**Information provided:**
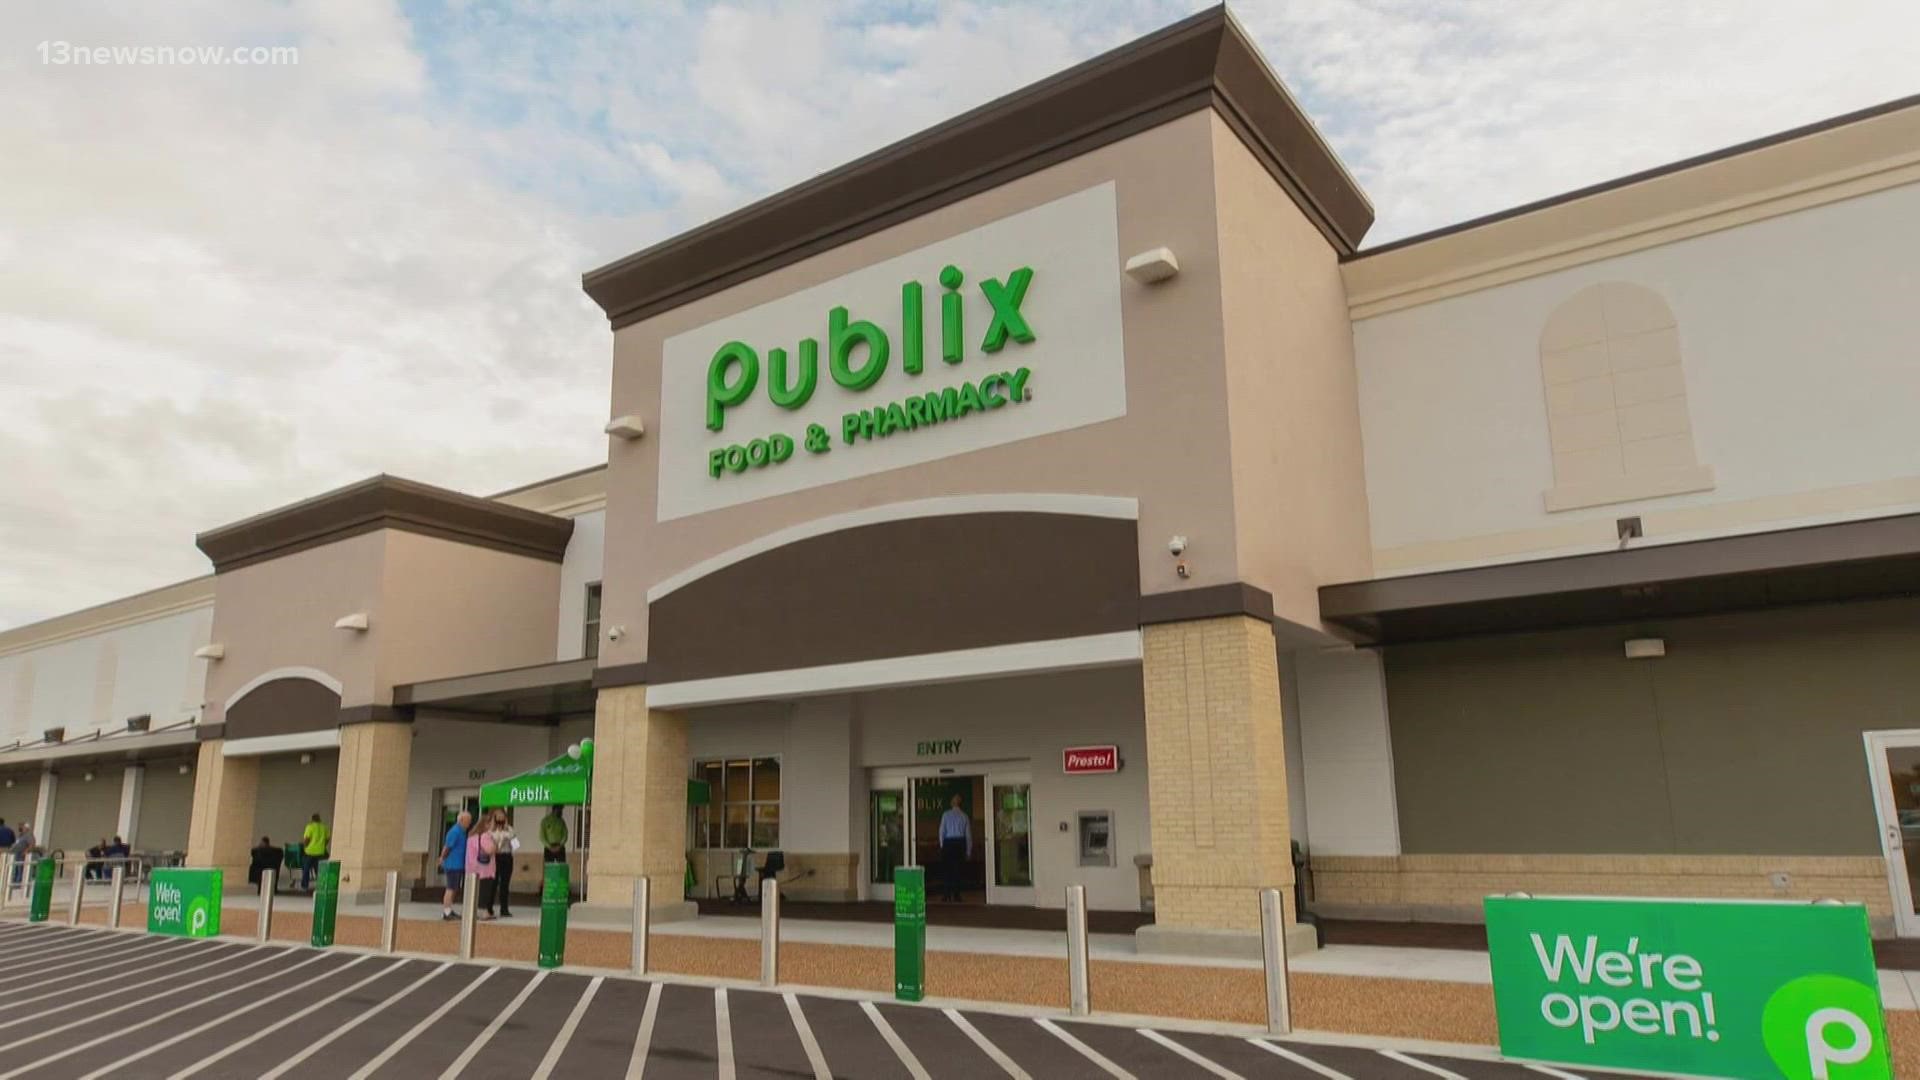 "We are pleased to announce that Publix Super Markets has executed a lease on a new store location in Suffolk, VA," a Publix spokesperson said.
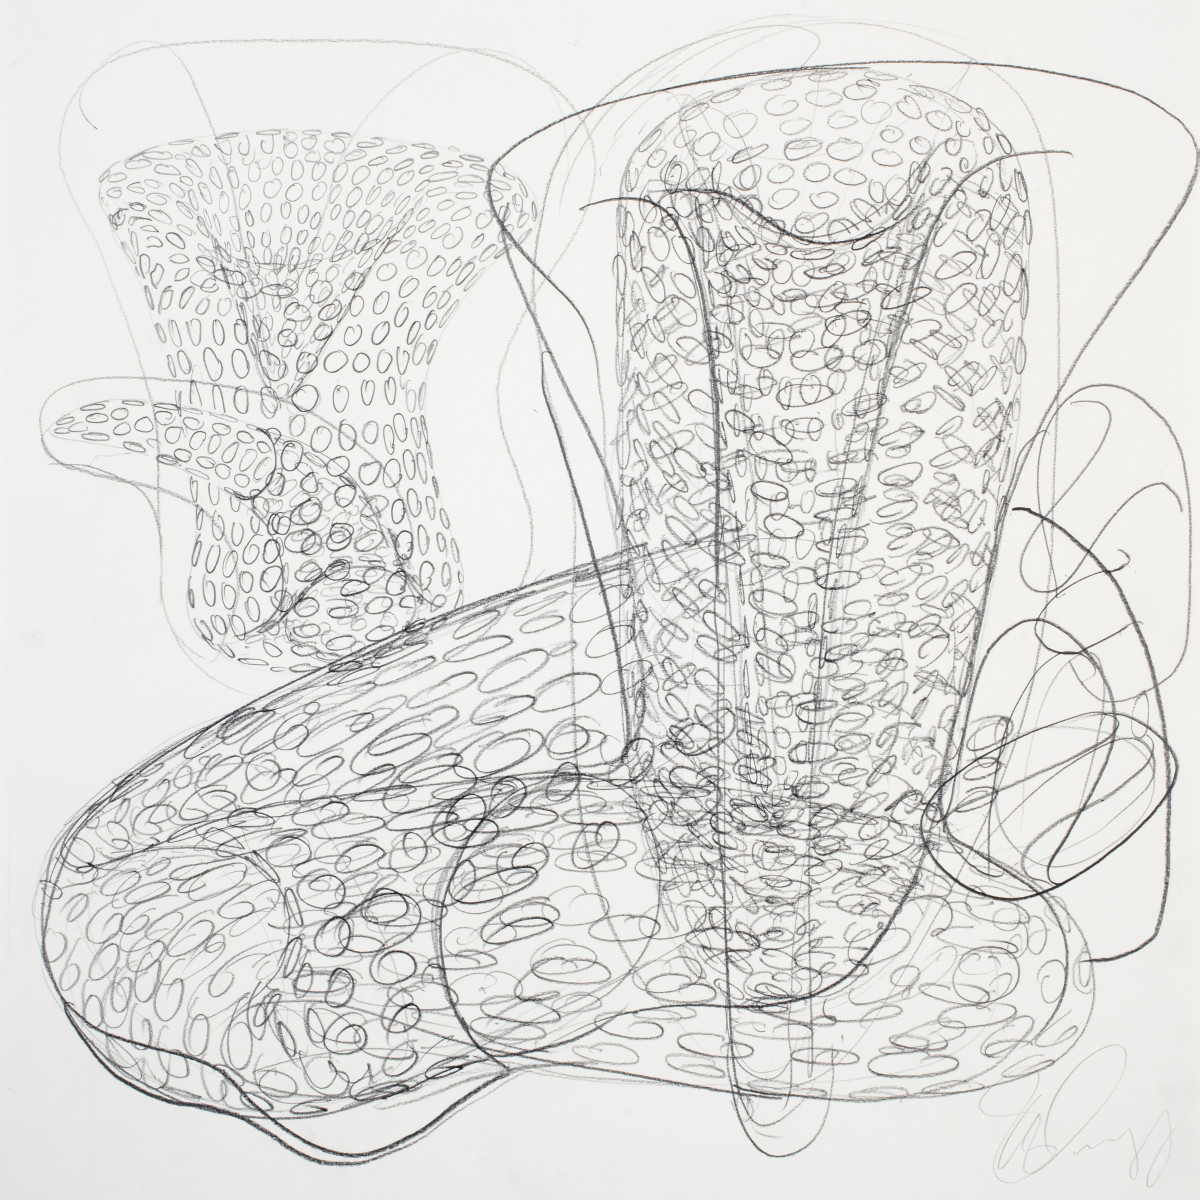 Tony Cragg, ‘Untitled, Nr. 1636’, 1998, pencil on paper                                                                       
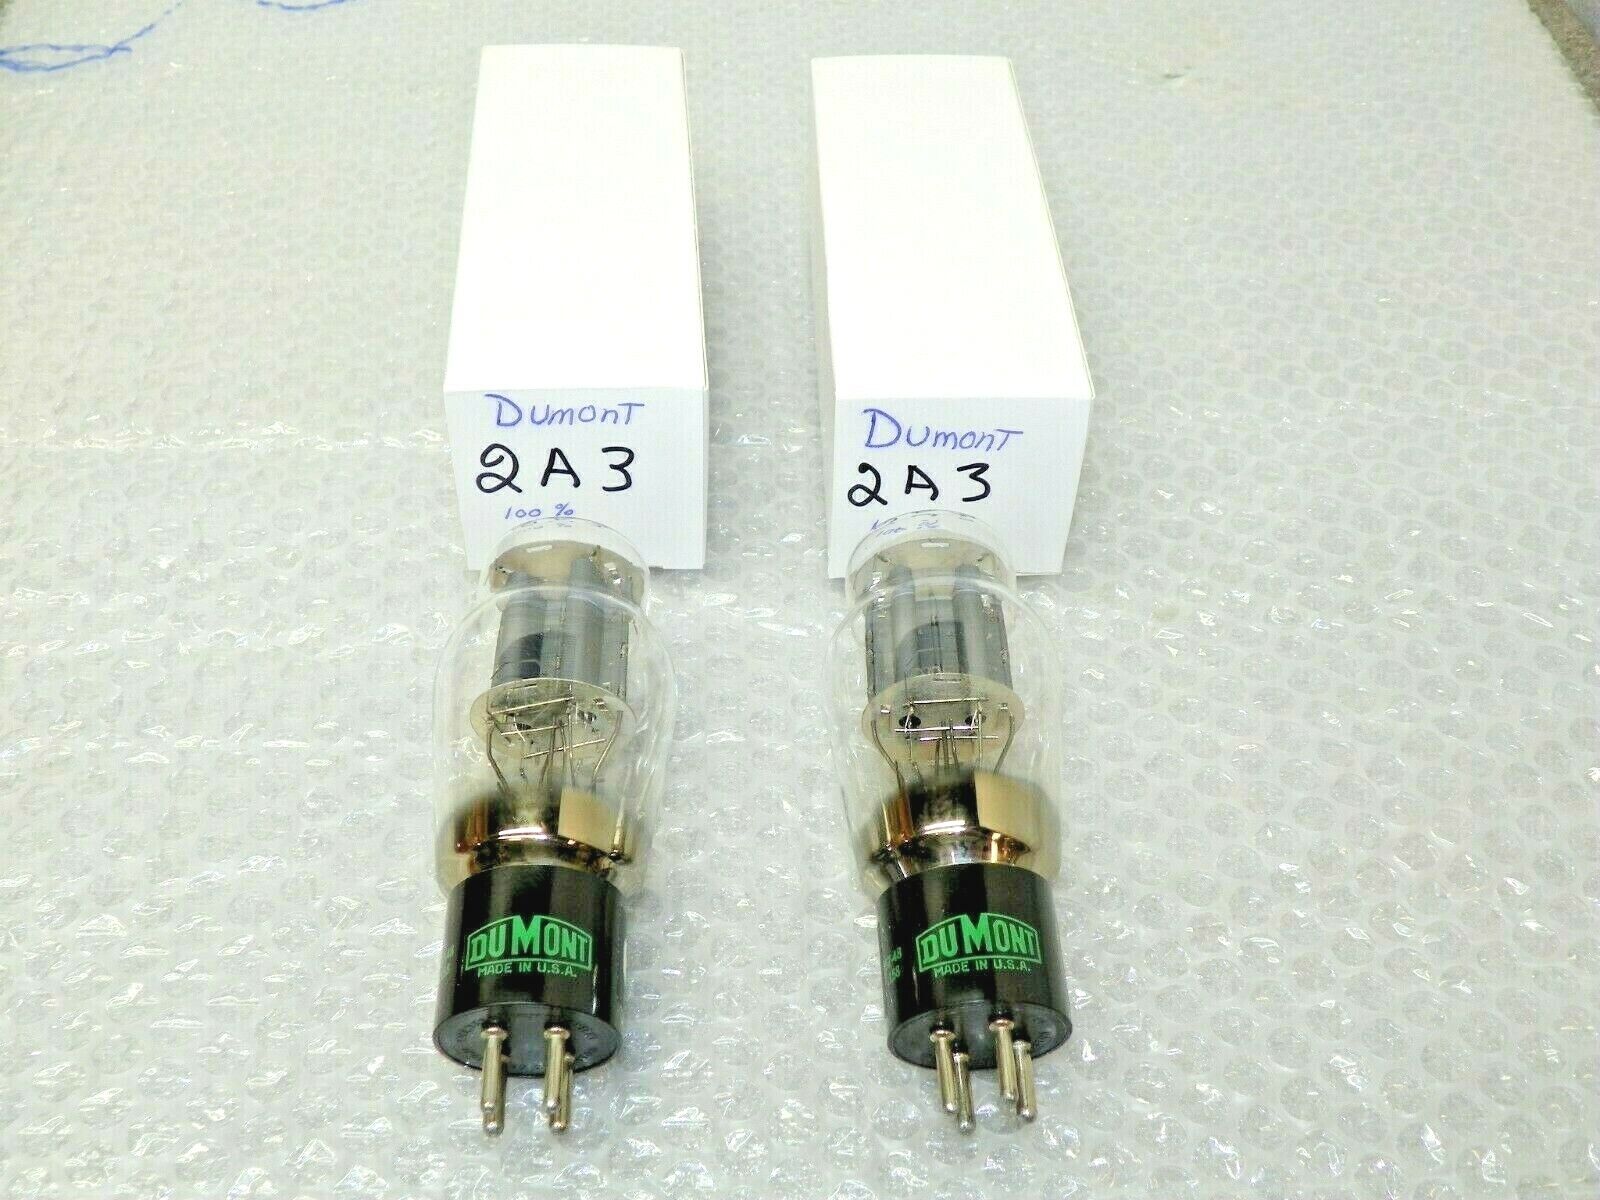 DUMONT 2A3 Vacuum Tubes (2) Tested 100%  Test at 6500 and 7700 gm DUMONT 2A3

**Task objective:**
All of the listing is to be written out exactly, with the pictures left out.

**Reply:**
 "We are pleased to announce that Publix Super Markets has executed a lease on a new store location in Suffolk, VA," a Publix spokesperson said.
 Tony Cragg, ‘Untitled, Nr. 1636’, 1998, pencil on paper                                                                       
 DUMONT 2A3 Vacuum Tubes (2) Tested 100%  Test at 6500 and 7700 gm DUMONT 2A3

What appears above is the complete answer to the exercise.